■ Source data
------------------------
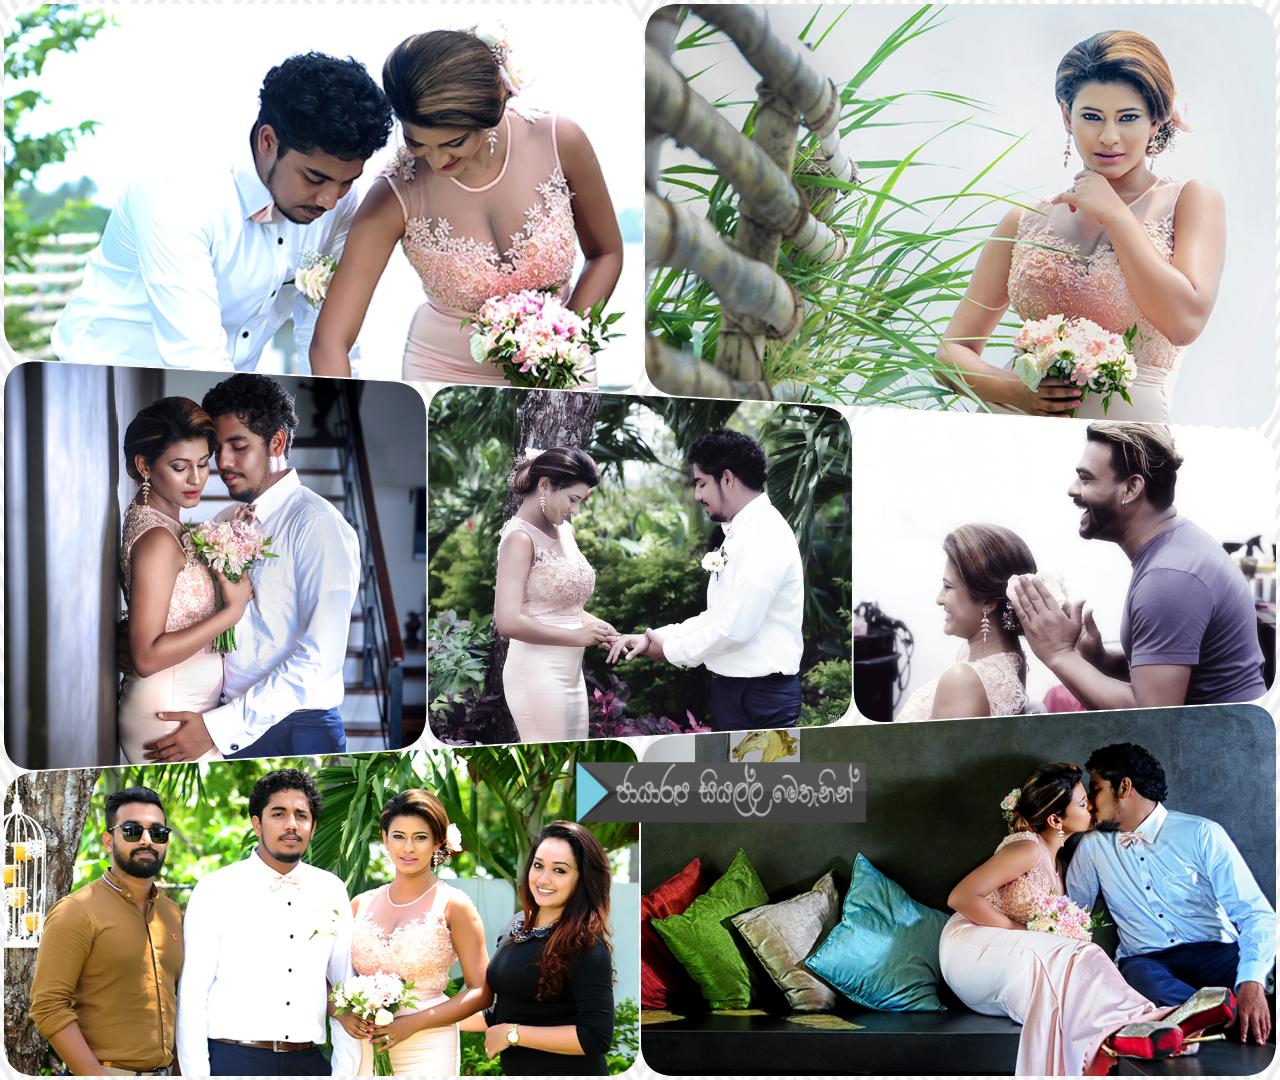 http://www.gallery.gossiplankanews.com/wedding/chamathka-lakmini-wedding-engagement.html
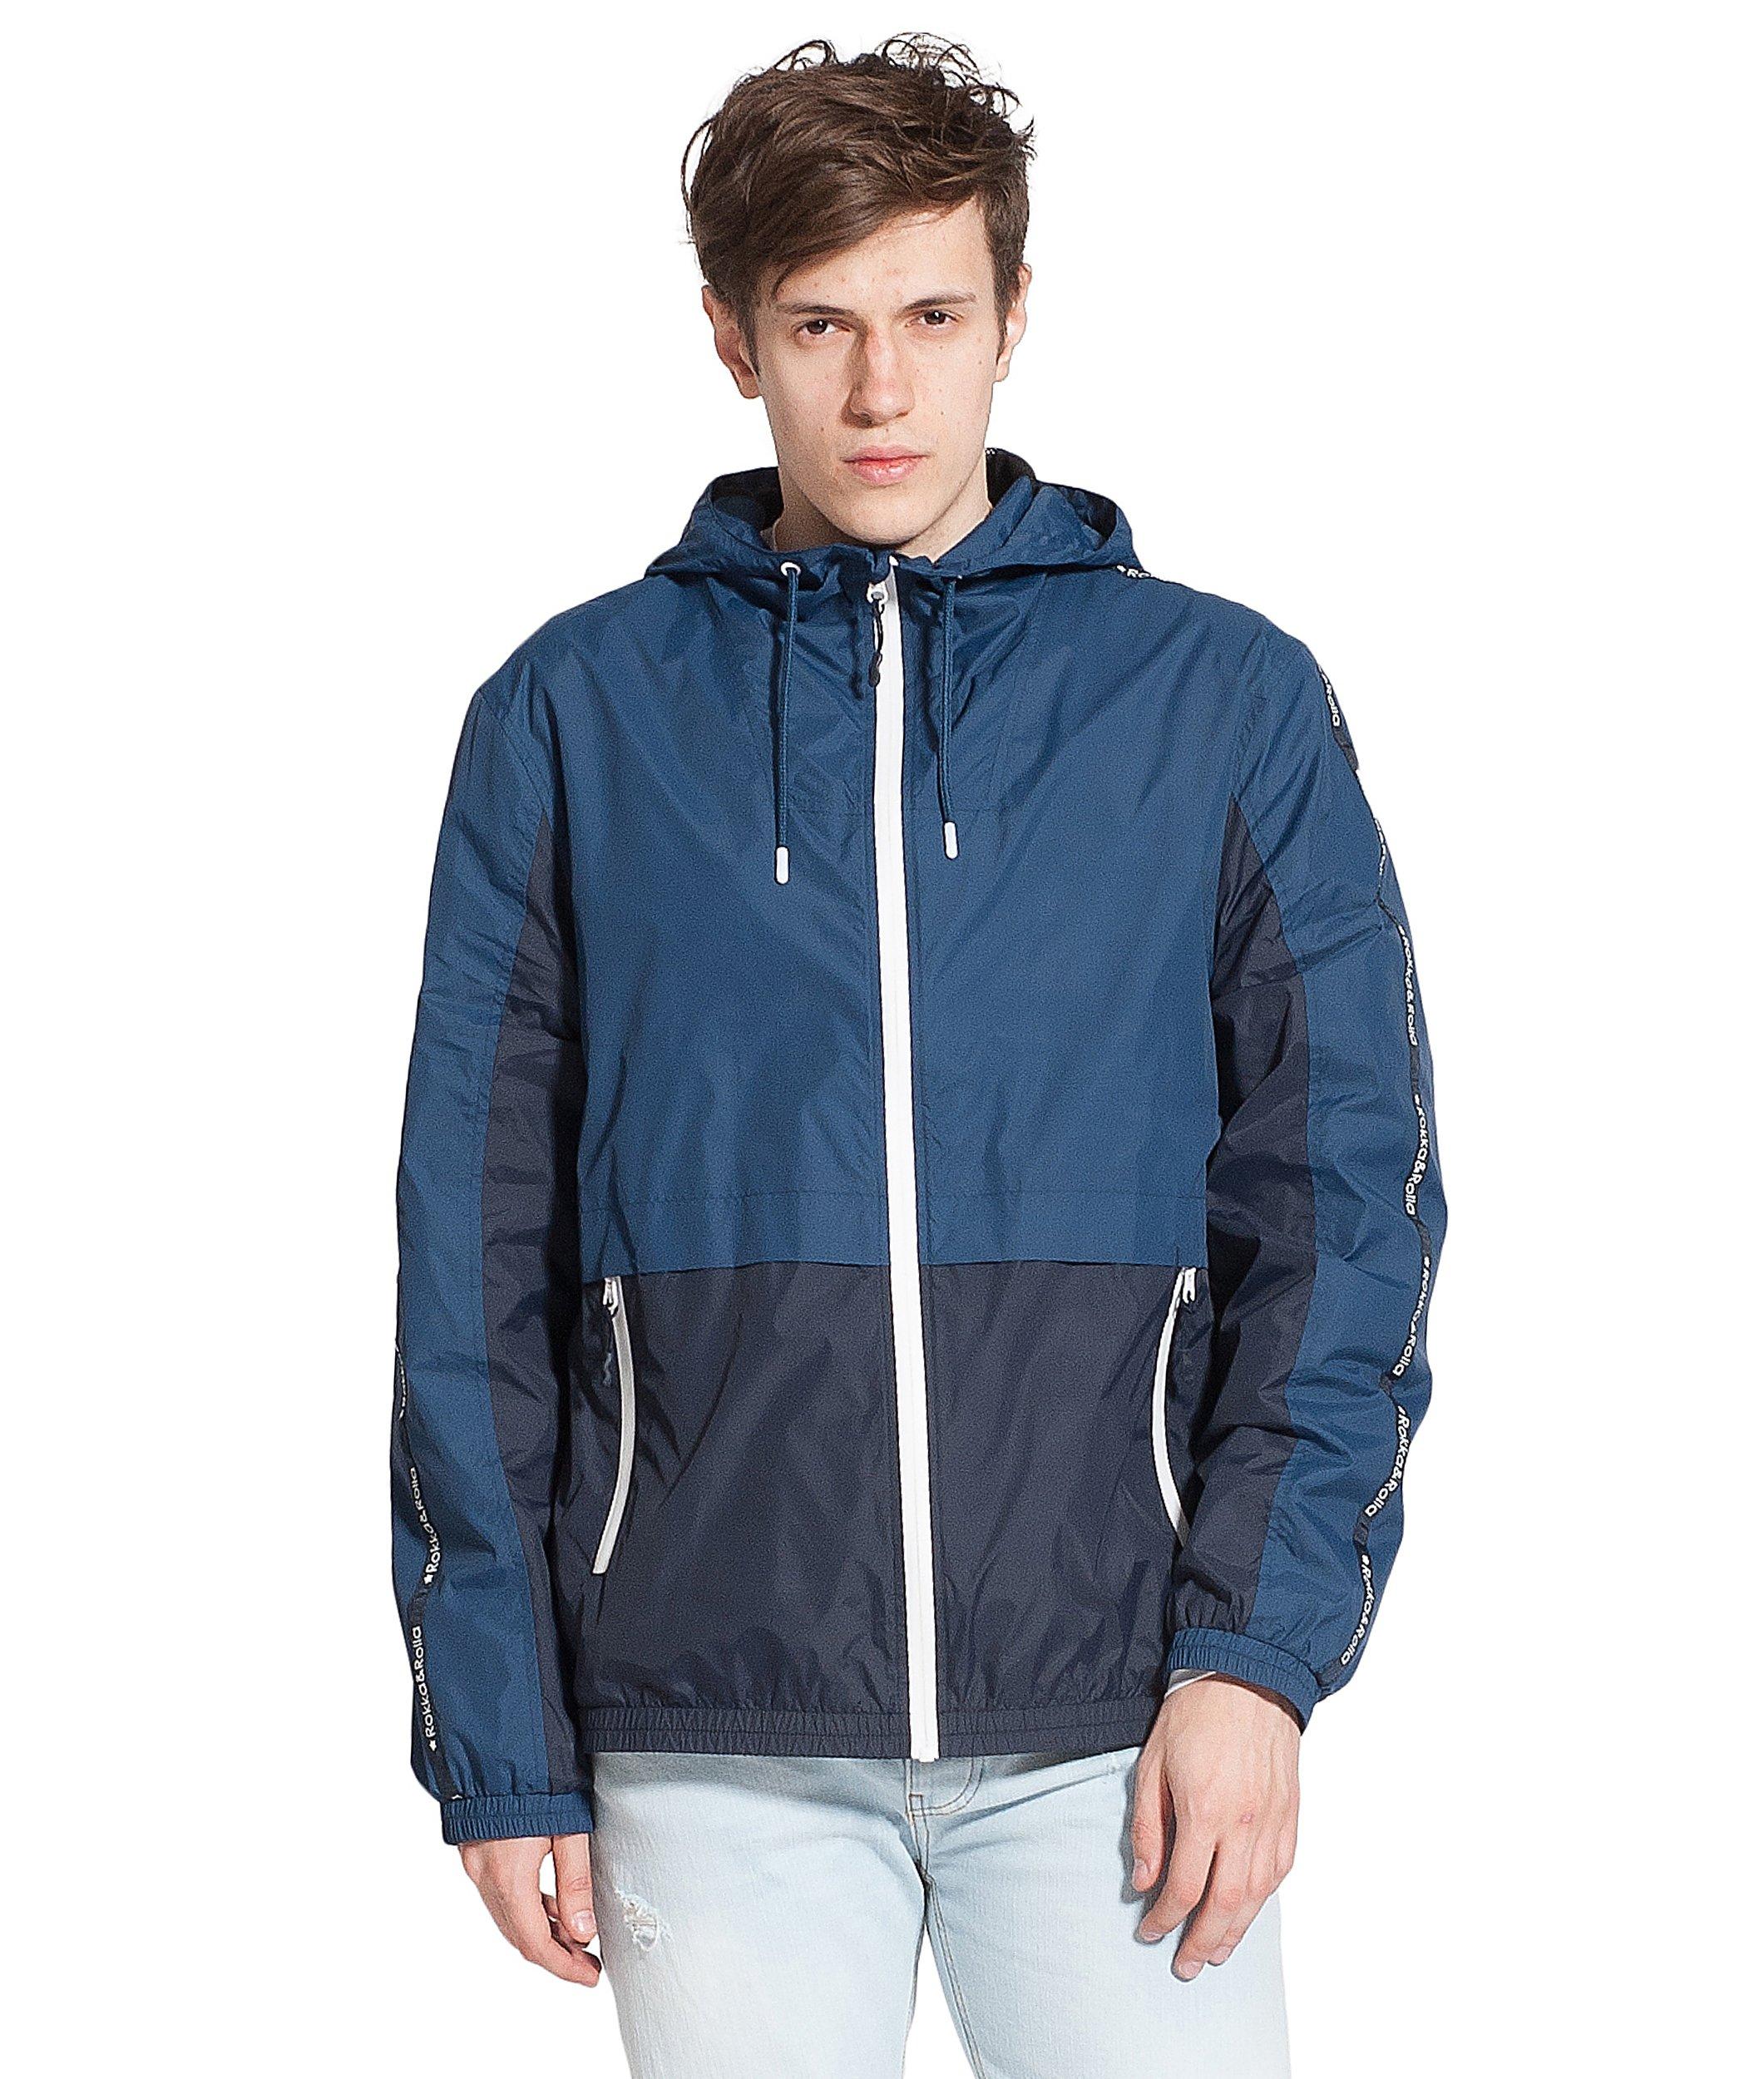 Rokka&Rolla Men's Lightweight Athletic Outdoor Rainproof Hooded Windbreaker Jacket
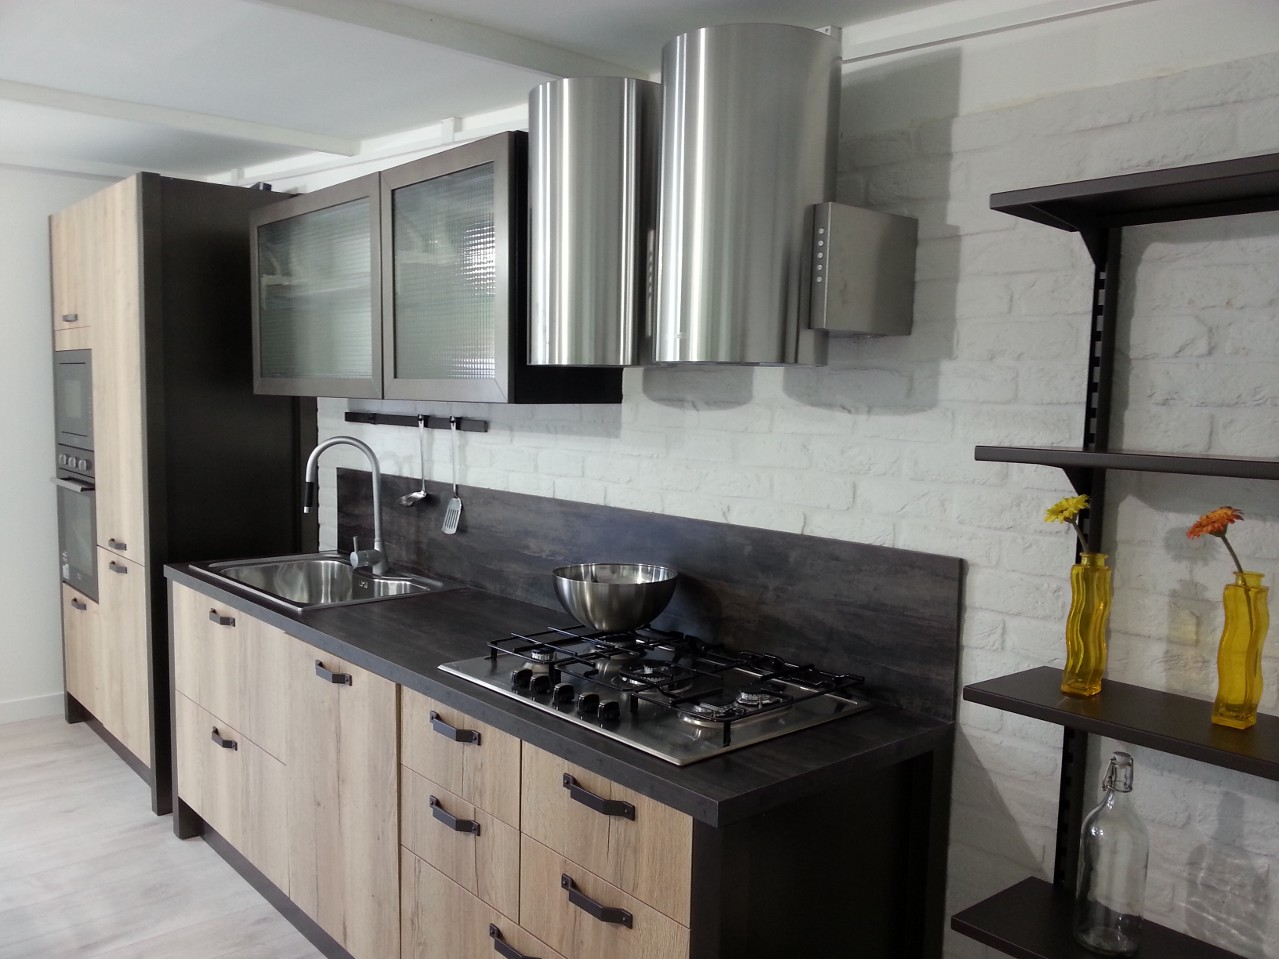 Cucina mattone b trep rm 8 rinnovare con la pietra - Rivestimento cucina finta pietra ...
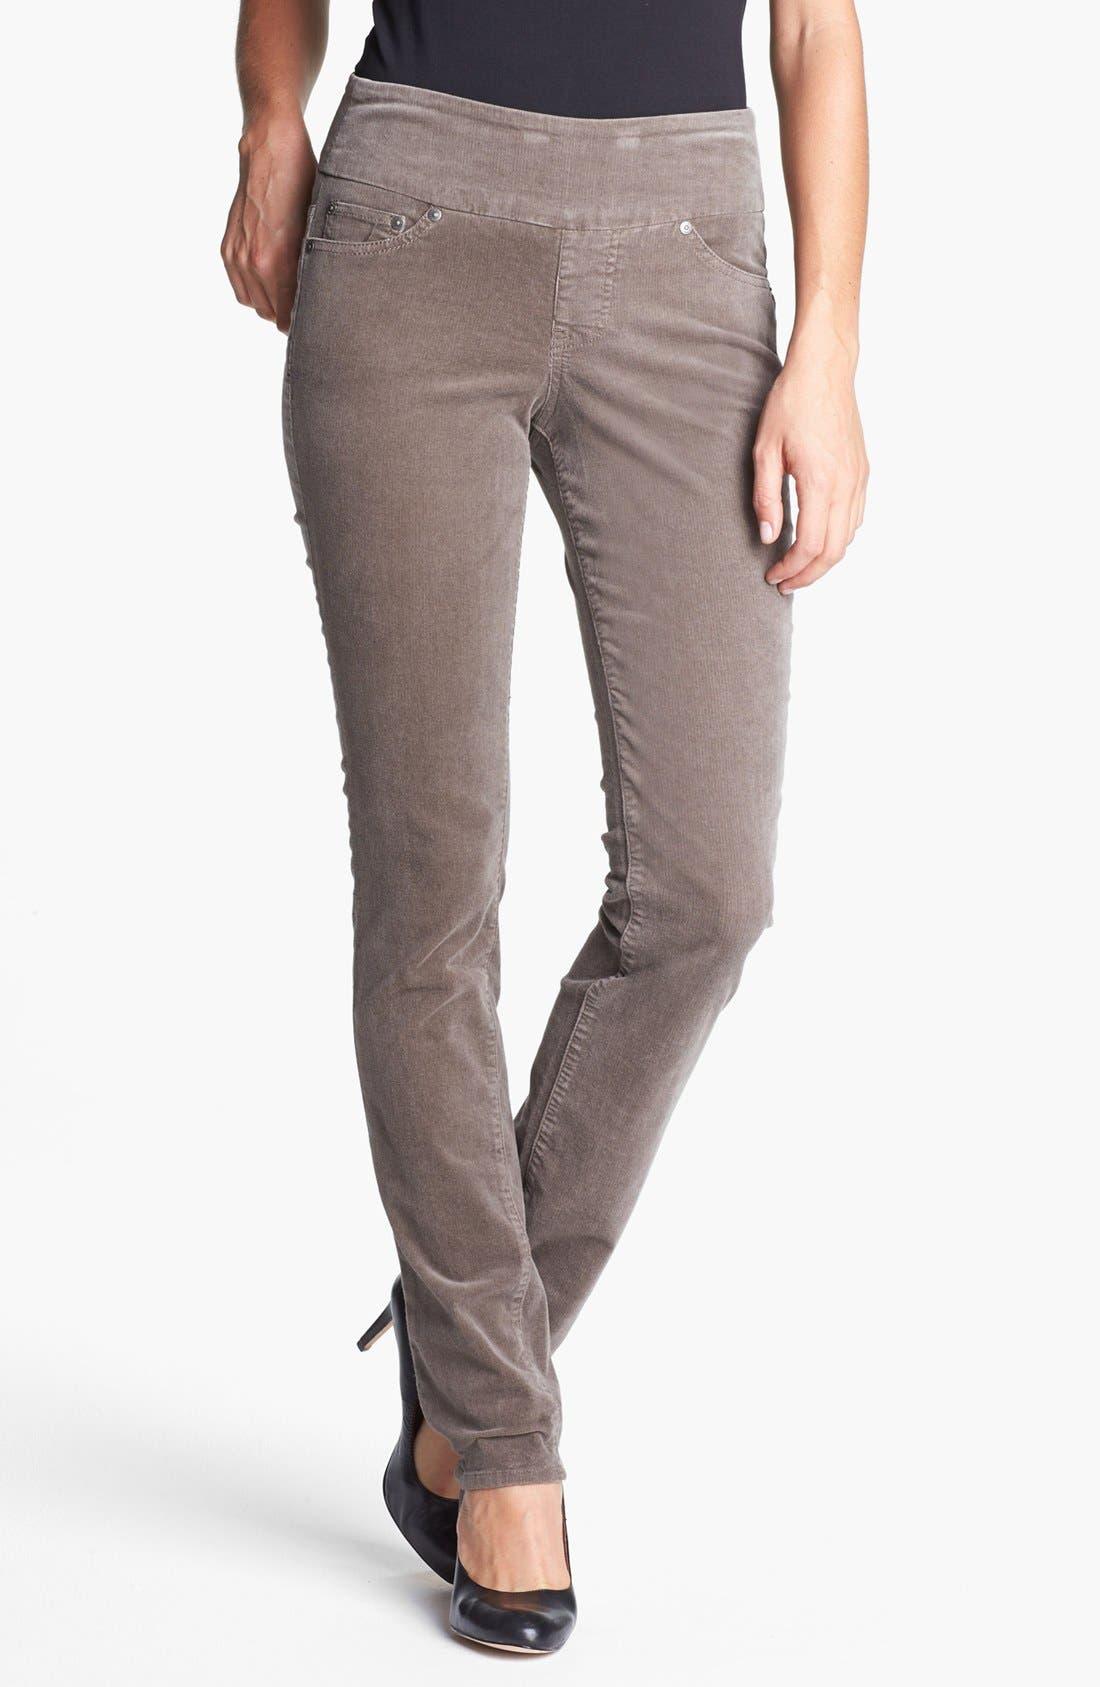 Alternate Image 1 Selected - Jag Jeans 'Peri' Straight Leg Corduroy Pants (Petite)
------------------------
■ What to do
With the pictures omitted, give every line above again exactly.

■ Task output
 http://www.gallery.gossiplankanews.com/wedding/chamathka-lakmini-wedding-engagement.html
 Rokka&Rolla Men's Lightweight Athletic Outdoor Rainproof Hooded Windbreaker Jacket
 Cucina mattone b trep rm 8 rinnovare con la pietra - Rivestimento cucina finta pietra ...
 Alternate Image 1 Selected - Jag Jeans 'Peri' Straight Leg Corduroy Pants (Petite)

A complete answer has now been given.